There is no Hallmark card for that part of motherhood.
There is no easy scripture verse that makes it feel fine.
Psalm 13 begins with the words, “How long, O Lord?” and some years that feels like the most faithful prayer I have. Not because it is polished. Not because it sounds hopeful. But because it is honest. Lament is not the absence of faith. Lament is what faith sounds like when it is crying from the floor.
I used to think faithfulness would mean being steady. Calm. Peaceful. Able to say the right things and trust God without trembling. But I am learning that sometimes faithfulness looks like staying when every part of you wants to run. Sometimes it looks like sitting beside a hospice bed in the middle of the night, listening to the strange sacred silence of the room, and whispering prayers you are not even sure you believe strongly enough to pray.
And somehow, God was there.
I do not say that lightly. I do not say it in a way that makes any of it less horrific. I do not say it to wrap a bow around the death of my son or the death of my mother or the complicated grief I am carrying now. I say it because even in that place, even behind those doors, even in the valley of the shadow of death, there were moments of mercy.
The hospice staff became ministers of mercy to us. They honored our son. They honored our family. They taught us how to wait in a room where heaven felt painfully close and impossibly far away. They cared for his body with dignity. They made room for our tears, our silence, our questions, and our exhaustion.
And slowly, the place that first felt like a prison became something else. Not less sad. Not less final. But somehow holy.
There is an aspect of death that feels, in the strangest and most sacred way, like birth. Not because death is natural in the way God intended the world to be. It is not. Death is an enemy. Scripture says so. But for those held in Christ, death is not the end of the story. It is a passage from this life into the presence of God. It is labor of a different kind, and those who sit at the bedside become witnesses to something they cannot control, cannot stop, and cannot fully understand.
That does not make it easy.
It does not make it pretty.
It does not keep a mother’s heart from breaking.
John 11 tells us that Jesus wept at the tomb of His friend. He knew resurrection was coming, and still He wept. That matters to me. It tells me that hope does not erase sorrow. It tells me that faith does not require me to stand at the graveside, or the hospice bed, or the empty chair at Mother’s Day and pretend I am not shattered.

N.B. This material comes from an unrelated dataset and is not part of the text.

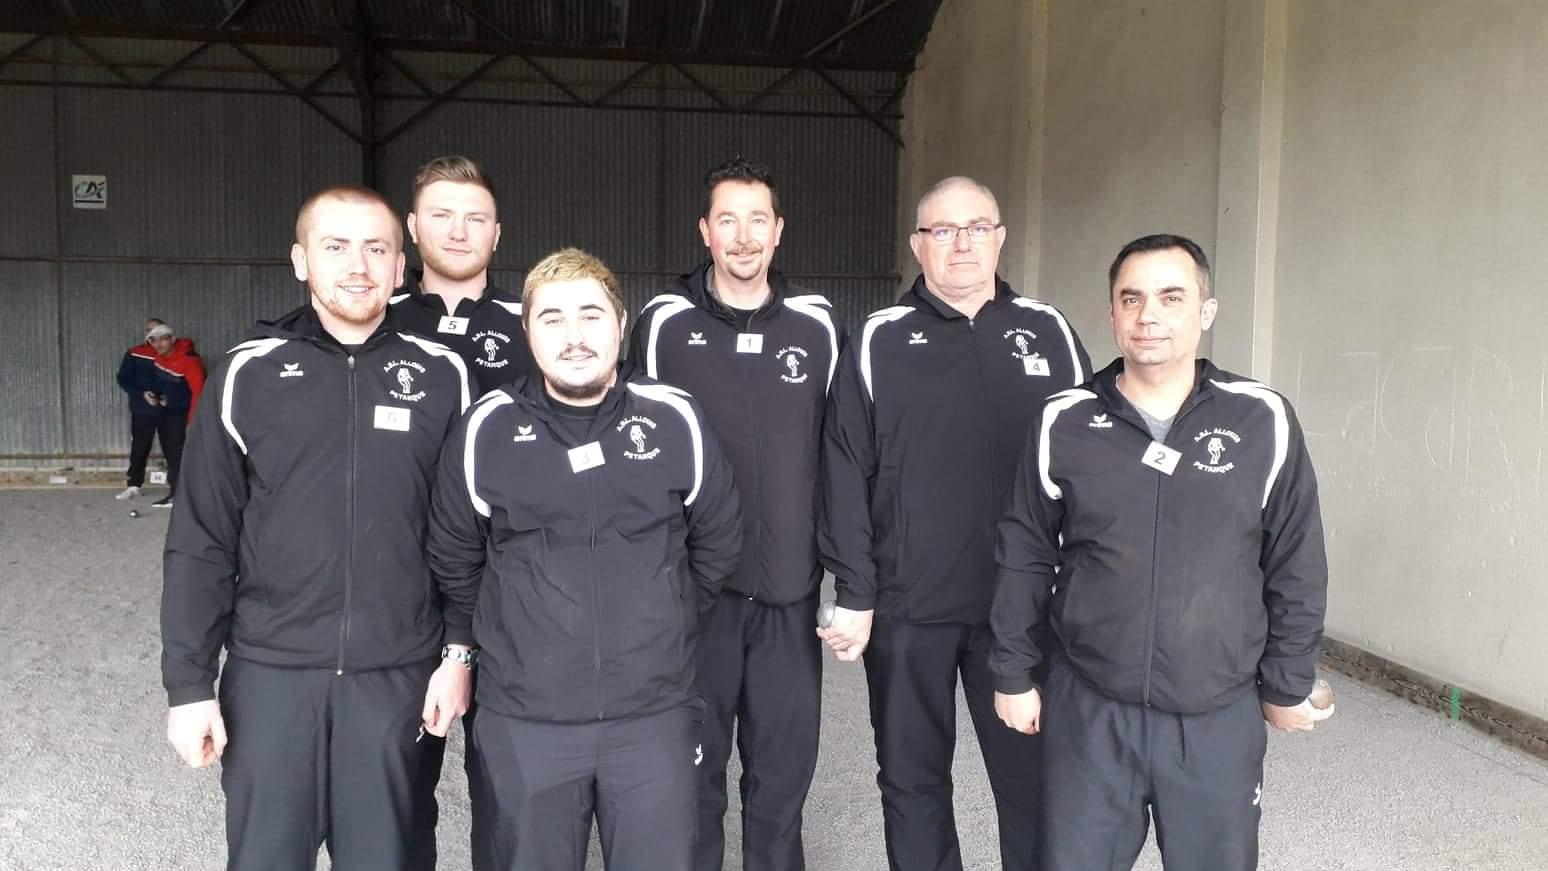 Pour la première journée du championnat des clubs nous avons rencontré l'équipe de Saint Florent 3.   Après un départ chaotique, nous avons dû nous incliner 24 à 12.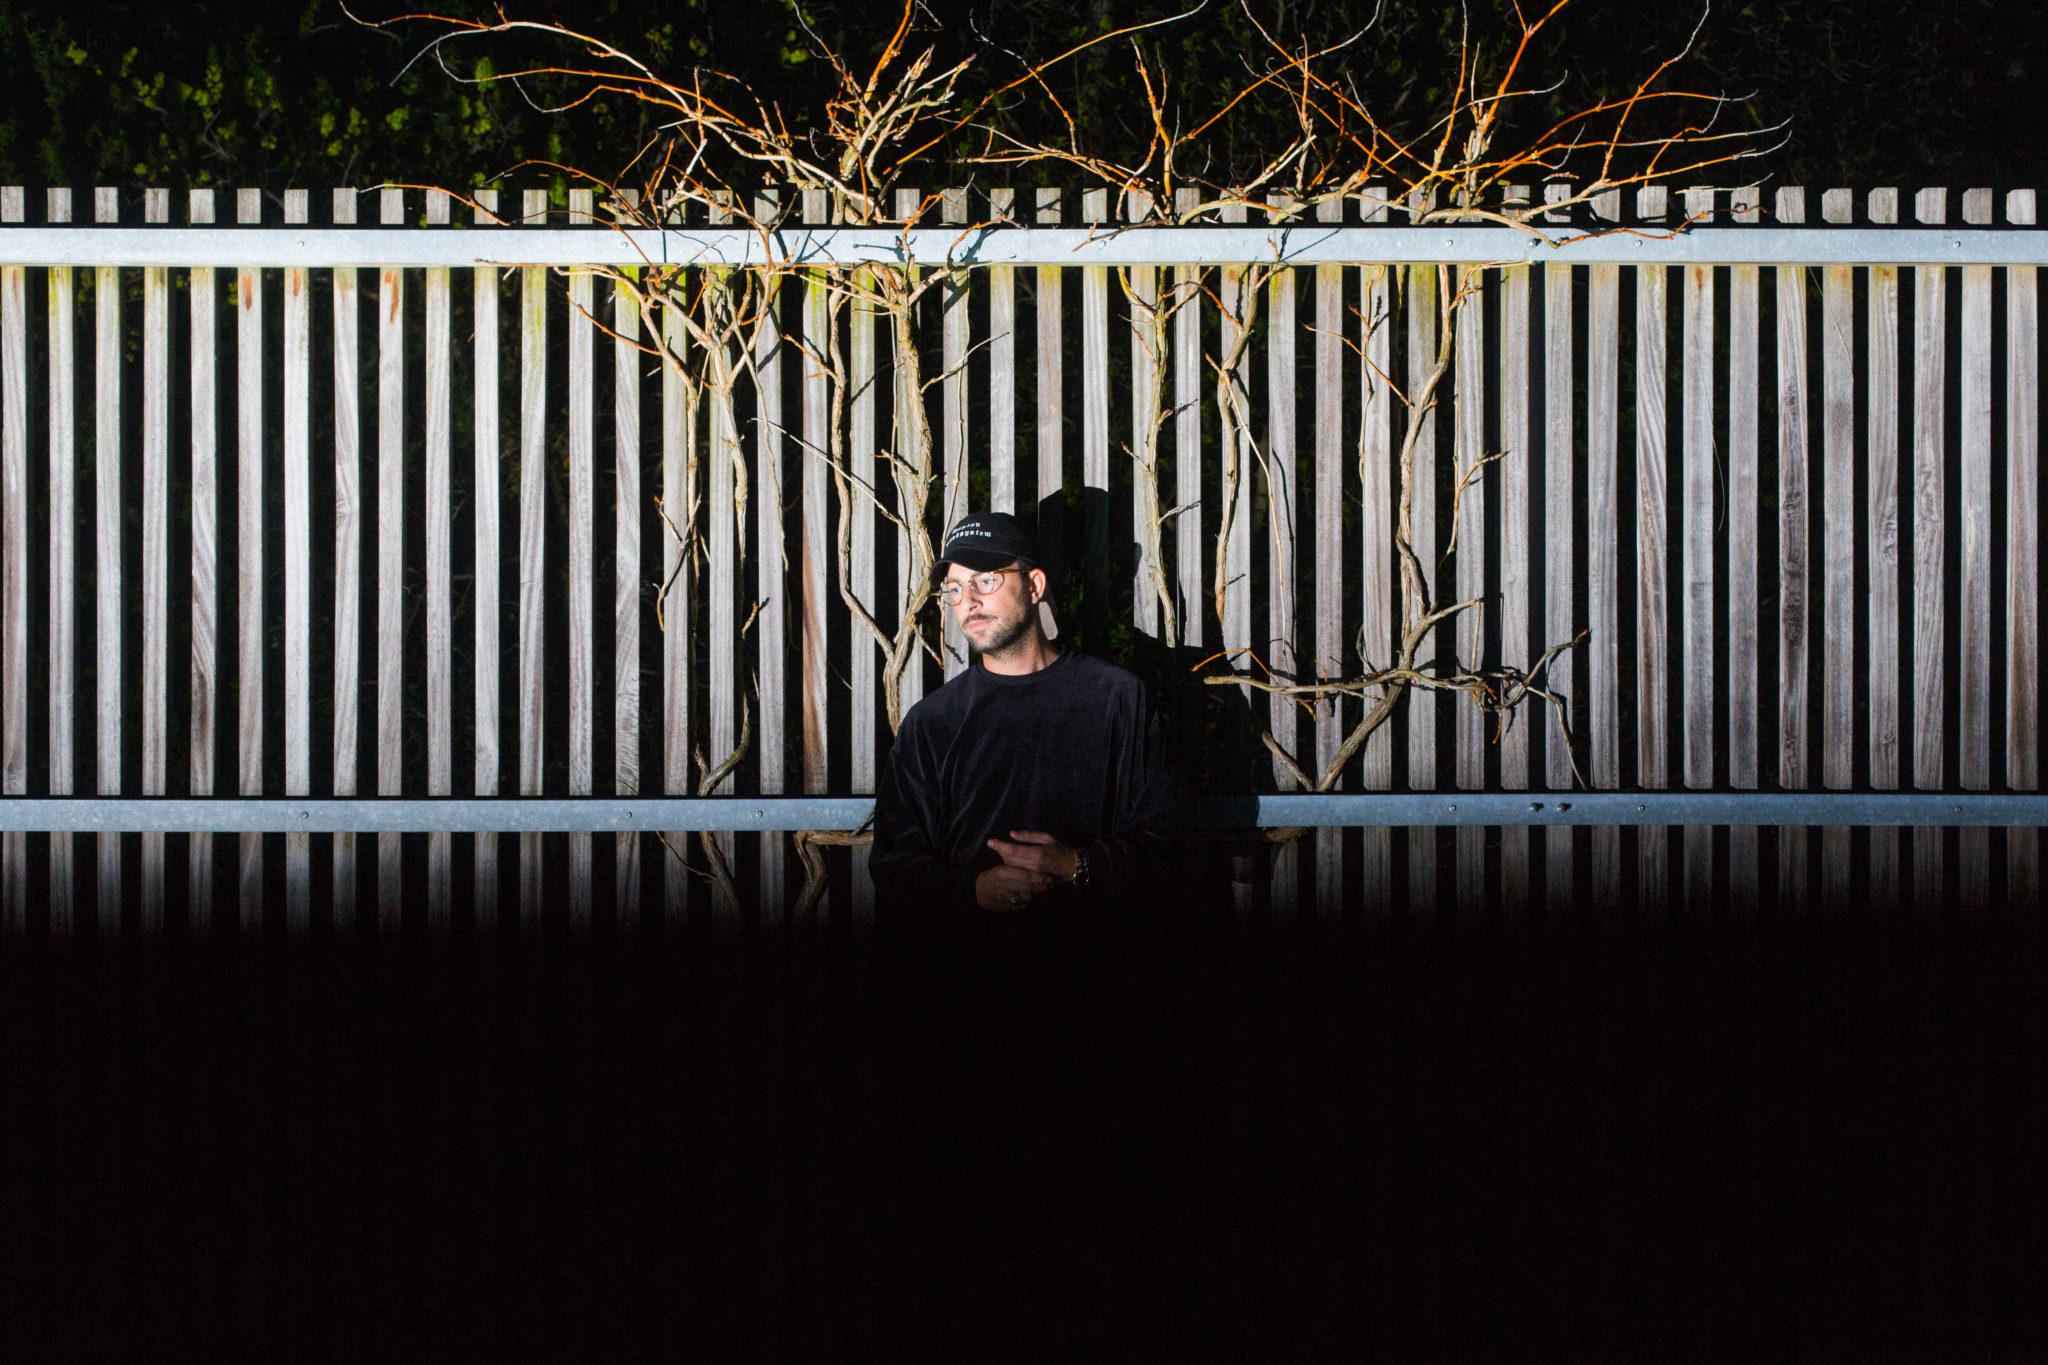 Mężczyzna w ciemności na tle białego płota

Jesus does not shame tears.
He joins them.
So tonight, I am letting this Mother’s Day be what it is. Heavy. Complicated. Holy in places. Painful in others. I am not trying to make it more inspirational than it feels. I am not trying to explain all the layers or expose all the details. Some grief needs witnesses, but not an audience. Some stories need to be marked without being fully opened.
This is me making a mark in the sand.
This is me saying May is hard. Mother’s Day is hard. Being a motherless child is hard. Being a childless mother is hard. Holding both at the same time is something I do not yet know how to do well.
But I am still here.
Still loved by God.
Still held by the One who is near to the brokenhearted.
Still learning that lament can be prayer. Still learning that numbness is not failure. Still learning that the valley of the shadow of death is not a place we walk alone, even when it feels unbearably lonely.
If Mother’s Day is tender for you too, for whatever reason, I want you to know you do not have to force it into something easier for everyone else. You do not have to smile your way through grief. You do not have to explain what you are not ready to say. You do not have to make your pain palatable.
You can simply tell the truth.
Even if the truth is only this:
“Lord, this hurts.”
And maybe, for tonight, that is enough.